Pour apprendre à jongler, la base c’est déjà de savoir gérer une balle. Cette balle c’est nous. On apprend d’abord à en prendre soin, à bien connaître ses caractéristiques, s’entrainer à la lancer, à la rattraper, développer notre agilité et notre coordination. C’est le plus important !
Ensuite, on met cette balle en relation avec une autre, qui peut avoir des caractéristiques différentes qu’il faudra connaître. Et là, on va développer des nouvelles compétences pour faire coexister deux balles dans un même mouvement sans qu’elles ne se gênent. Ça demandera des connaissances et beaucoup de pratiques pour arriver à quelque chose de fluide.
Mais à partir du moment où vous maitrisez complétement cette technique, vous pouvez ajouter 1, 2 ou 3 balles, le mouvement est exactement le même mais en plus rapide ou plus ample ! La seule chose à faire, c’est de s’adapter aux caractéristiques de chaque nouvelle balle. Voilà ma vision des relations multiples.
Donc la gestion des relations en polyamour ne demande pas forcément d’apprendre des compétences spécifiques comme jongler avec une troisième balle mais surtout de faire le même travail que ferait n’importe quelle personne qui veut améliorer sa relation de couple. Un travail sur soi : introspection, développement personnel et psychothérapie ; et un travail sur sa relation aux autres : communication, attentes, organisation, etc.
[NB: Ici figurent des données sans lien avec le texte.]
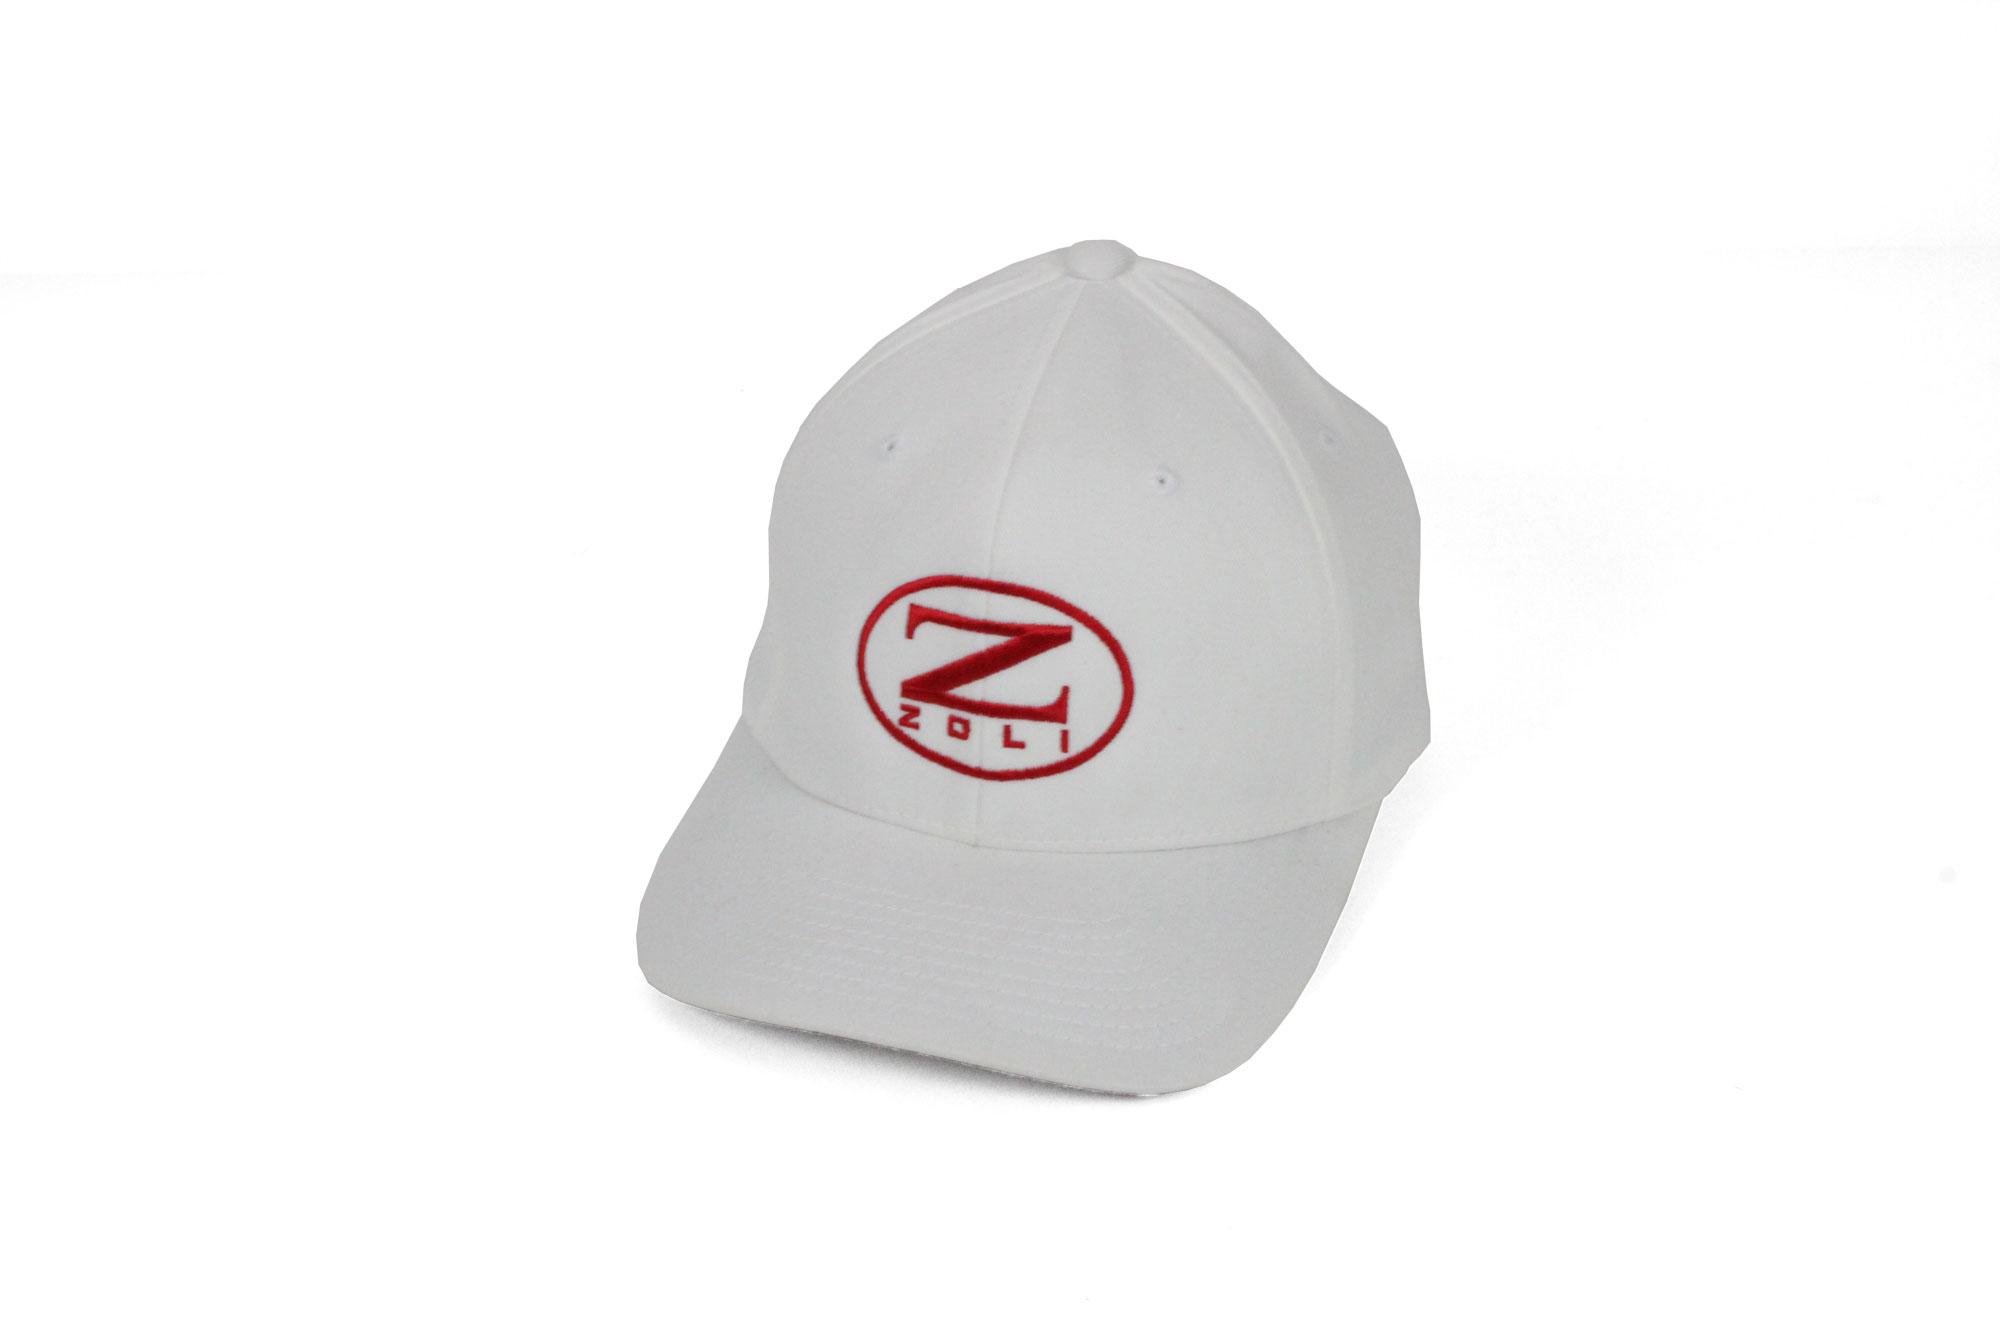 Zoli Embroidered Flexfit® Hat (White)

Cette démarche en polyamour est souvent indispensable car peut-être que vous arrivez à peu près à jongler avec deux balles sans trop les faire tomber et que ça vous convient. Mais si vous en rajoutez une seule, cet équilibre fragile ne tiendra plus et vous allez passer votre temps par terre à ramasser vos balles.
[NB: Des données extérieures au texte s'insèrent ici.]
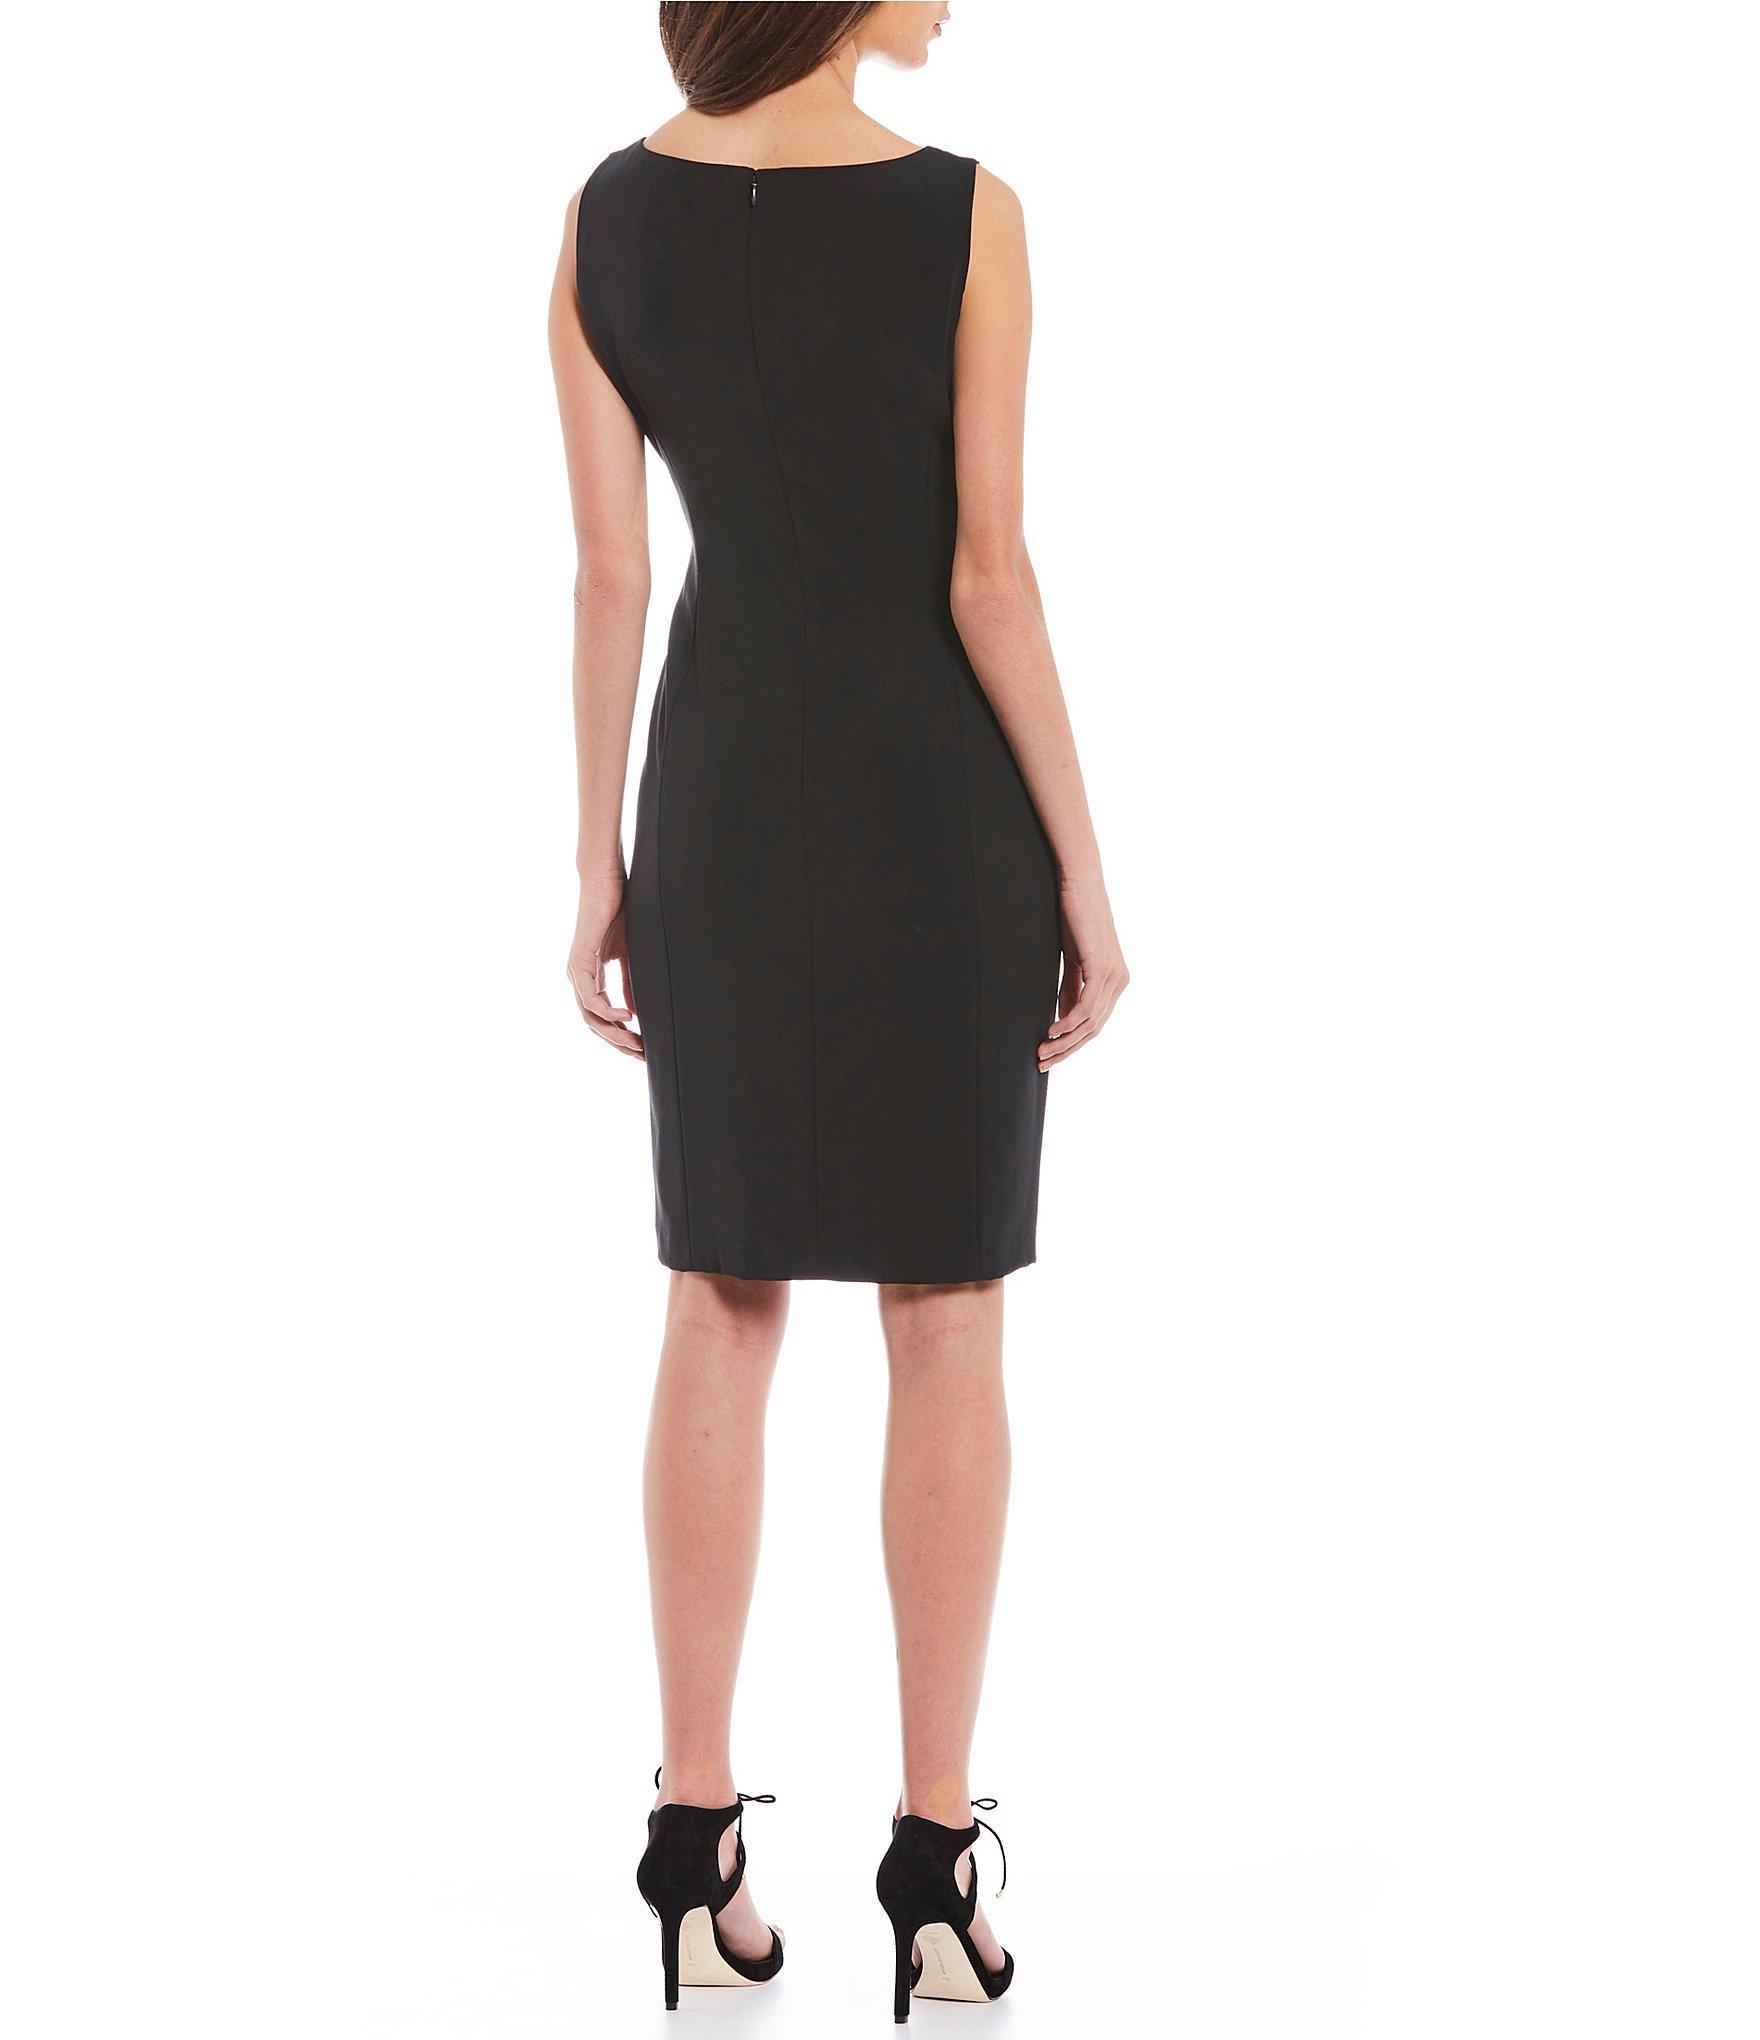 f08bc782847 Antonio Melani - Black Cynthia Sleeveless Sheath Dress - Lyst. View  fullscreen

La non-exclusivité confronte d’autant plus, chaque individu à des situations qui demandent de comprendre et surmonter ses démons (jalousie, peur de l’abandon, dépendance affective, ego, orgueil). Mais gardez bien à l’esprit que vous ne faites pas ça pour pouvoir vivre en polyamour, vous faites d’abord ça pour vous, pour vivre plus heureux et plus apaisé tout le temps !
PEUR DE SOUFFRIR
Alors oui c’est dur, mais cette difficulté ne vient pas du polyamour en soit, mais d’abord de la qualité de notre relation avec nous-même et les autres, comme on vient de le voir. Vous pouvez percevoir cette difficulté comme un obstacle ou une opportunité d’apprendre et d’évoluer. Un bébé tombe plus de 2000 fois avant de savoir marcher ! Mais pour lui tomber n’est pas un échec. Ça devrait être la même chose pour les adultes et pour n’importe quel apprentissage.
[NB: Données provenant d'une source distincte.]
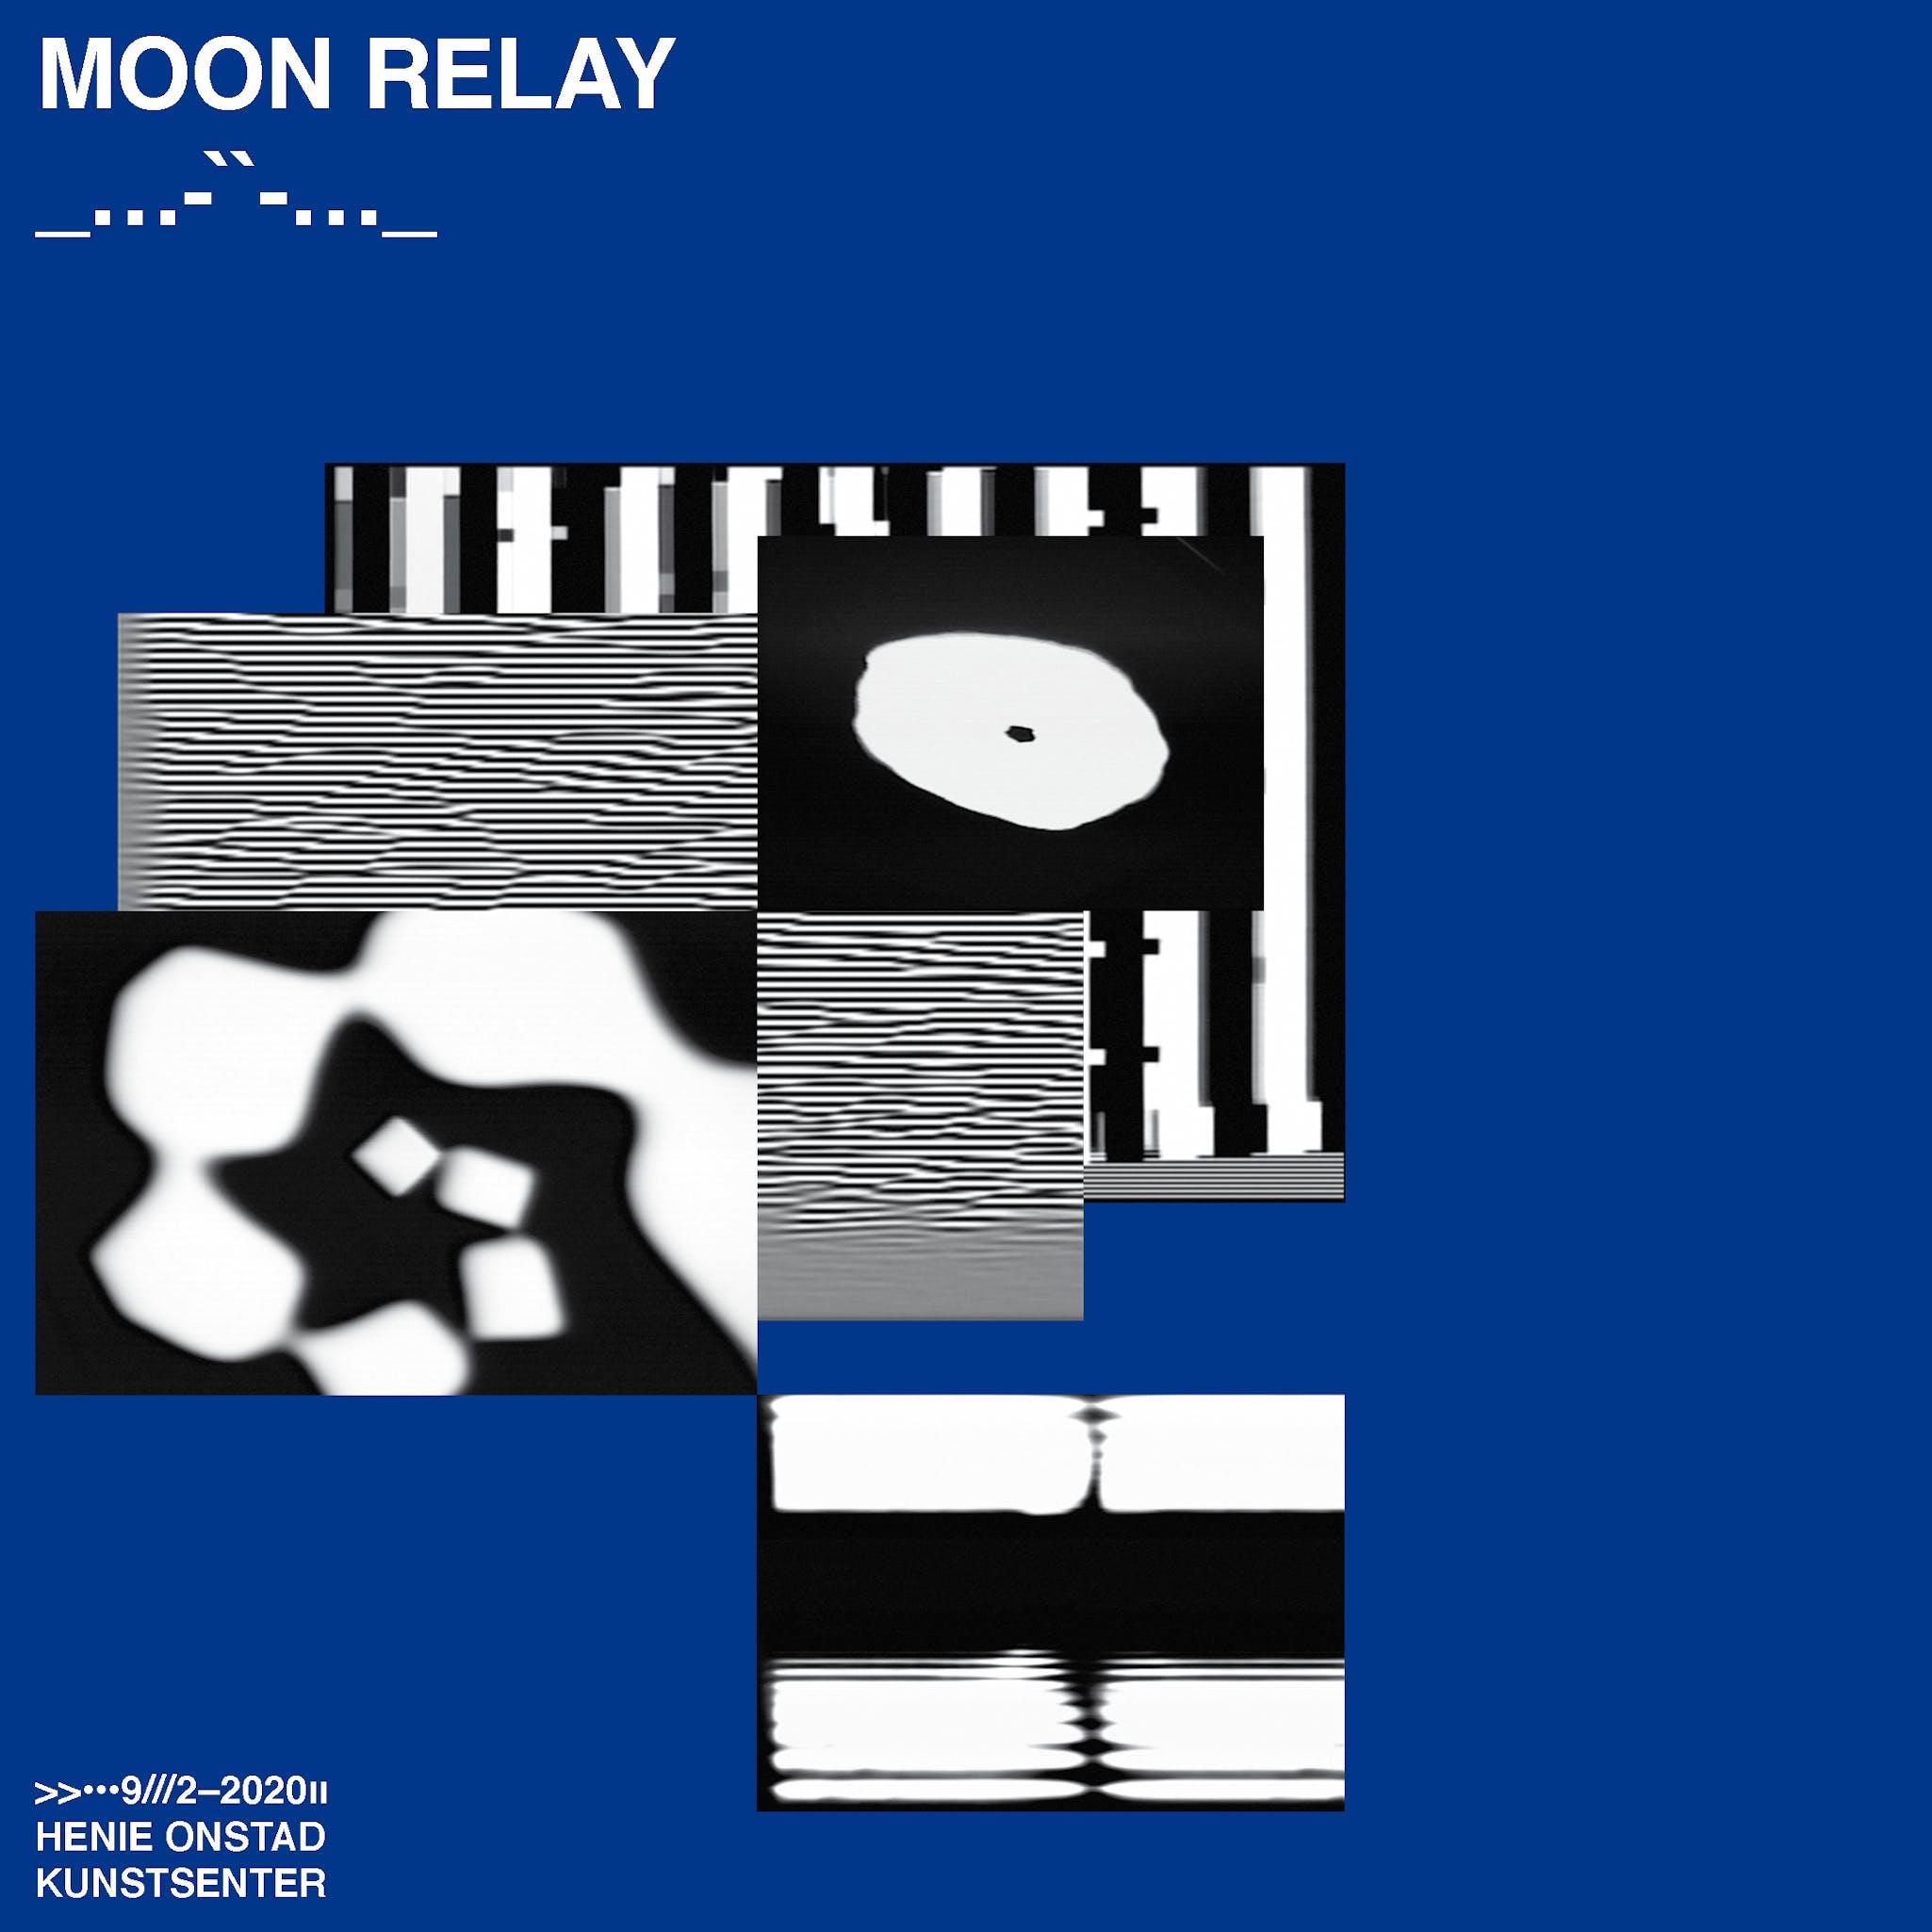 Moon Relay HOK 2020 some IG1

L’échec n’en est pas un, ce n’est qu’un essai supplémentaire et nécessaire pour progresser. Une fois que vous avez intégré ça comme processus d’apprentissage, la difficulté n’est plus un problème.
Moi pendant les 6 premières années en monogamie avec ma copine, je n’ai pas souffert une seule fois, mais je n’ai pas évolué non plus. J’en n’avais pas conscience, mais notre couple était en danger. Depuis ces dernières années, à travers le polyamour, j’ai vécu des expériences difficiles, mais je n’ai jamais autant appris et évolué en si peu de temps. A tel point, que maintenant je cherche volontairement à me mettre dans ces situations !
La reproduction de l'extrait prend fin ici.